FormalPara Erwiderung

Zum Leserbrief von Peroz I et al (2020) CMD-Screening ist wichtig. Schmerz. https://doi.org/10.1007/s00482-020-00489-3

FormalPara Originalbeitrag

Türp JC, Schindler HJ (2020) Screening für kraniomandibuläre Dysfunktionen. Schmerz 34:13–20. https://doi.org/10.1007/s00482-019-00432-1

Wir freuen uns, dass unser Beitrag zur Diskussion anregt und möchten zu den Argumenten der geschätzten Kolleginnen und Kollegen Stellung nehmen:

  1. 1.

    Wir haben nie bestritten, dass im Rahmen einer zahnärztlichen Untersuchung die Durchführung einer Basisdiagnostik, die im Sinne einer „Funktions-Checkliste“ den Zweck hat, funktionelle Auffälligkeiten zu erfassen, eine sinnvolle Maßnahme ist.

  2. 2.

    Eine solche Untersuchung darf aber aus den in unserem Artikel ausführlich dargelegten Gründen nicht „Screening“ genannt werden.
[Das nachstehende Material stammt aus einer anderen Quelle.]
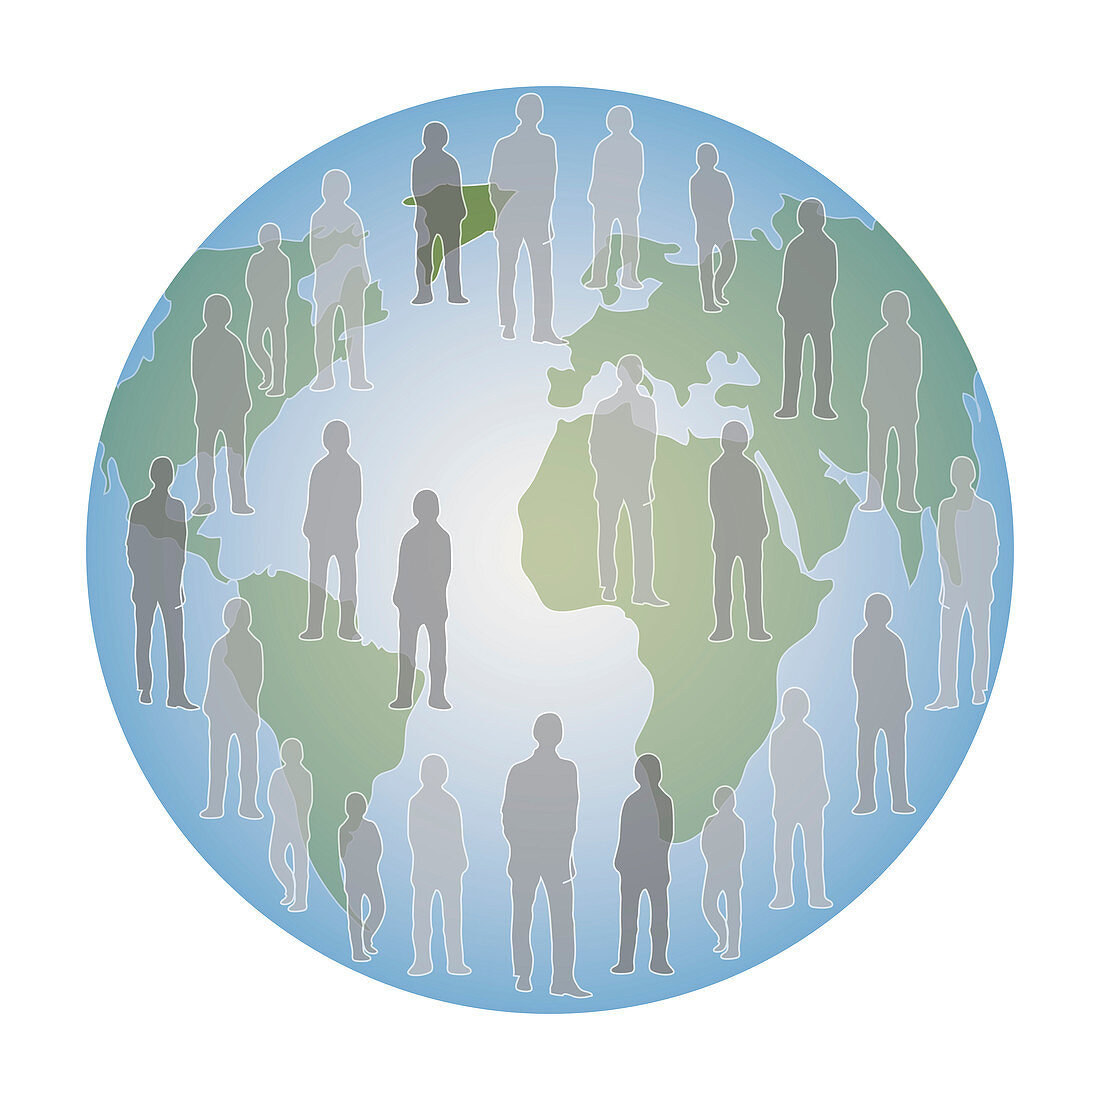 Global population, conceptual illustration

Eine adäquate Bezeichnung wäre zum Beispiel „Klinischer Kurzbefund“.

  3. 3.

    Sofern sich ein solcher klinischer Kurzbefund auf das Aufspüren allfälliger Symptome einer kraniomandibulären Dysfunktion (CMD) bezieht, sollte er strikt auf diese Symptome beschränkt bleiben. Es besteht internationaler Konsens, dass sich die Symptome auf Schmerzen in Kaumuskeln und/oder Kiefergelenken, Einschränkungen der Unterkieferbeweglichkeit und Kiefergelenkgeräusche beschränken. Allerdings wird das Vorhandensein solcher Symptome nicht zwangsläufig die Einleitung weiterer diagnostischer Maßnahmen oder gar einer Therapie erfordern.

  4. 4.

    Die Einbeziehung der Okklusion in die Definition einer CMD, wie dies im Jahre 2016 unter unserer Mitwirkung im Rahmen einer Arbeitsgruppe der Deutschen Gesellschaft für Funktionsdiagnostik und -therapie (DGFDT) erfolgte, ist international unüblich. Unsere Zustimmung zu dieser damals stark diskutierten Änderung wird von uns aus heutiger Sicht als Fehler angesehen.

  5. 5.

    Die Anwendung des DGFDT-Erhebungsbogens „CMD-Screening (CMD-Basisdiagnostik)“ geht mit der Gefahr einer Überdiagnostik („erweiterte Untersuchung“) einher. Diese wiederum kann eine nichtindizierte Therapie zur Folge haben.

  6. 6.

    In Bezug auf den Gegensatz „funktioneller Kurzbefund“ versus „CMD-Screening-Bogen“ bietet sich eine Analogie aus dem Fischereiwesen an: Abhängig von der Fangmethode (Angelfischerei versus Treibnetzfischerei) erhält man wenig oder viel „Beifang“. Ethische Gesichtspunkte hier (Patienten) und dort (Fische) gebieten, den „Beifang“ so gering zu halten wie möglich.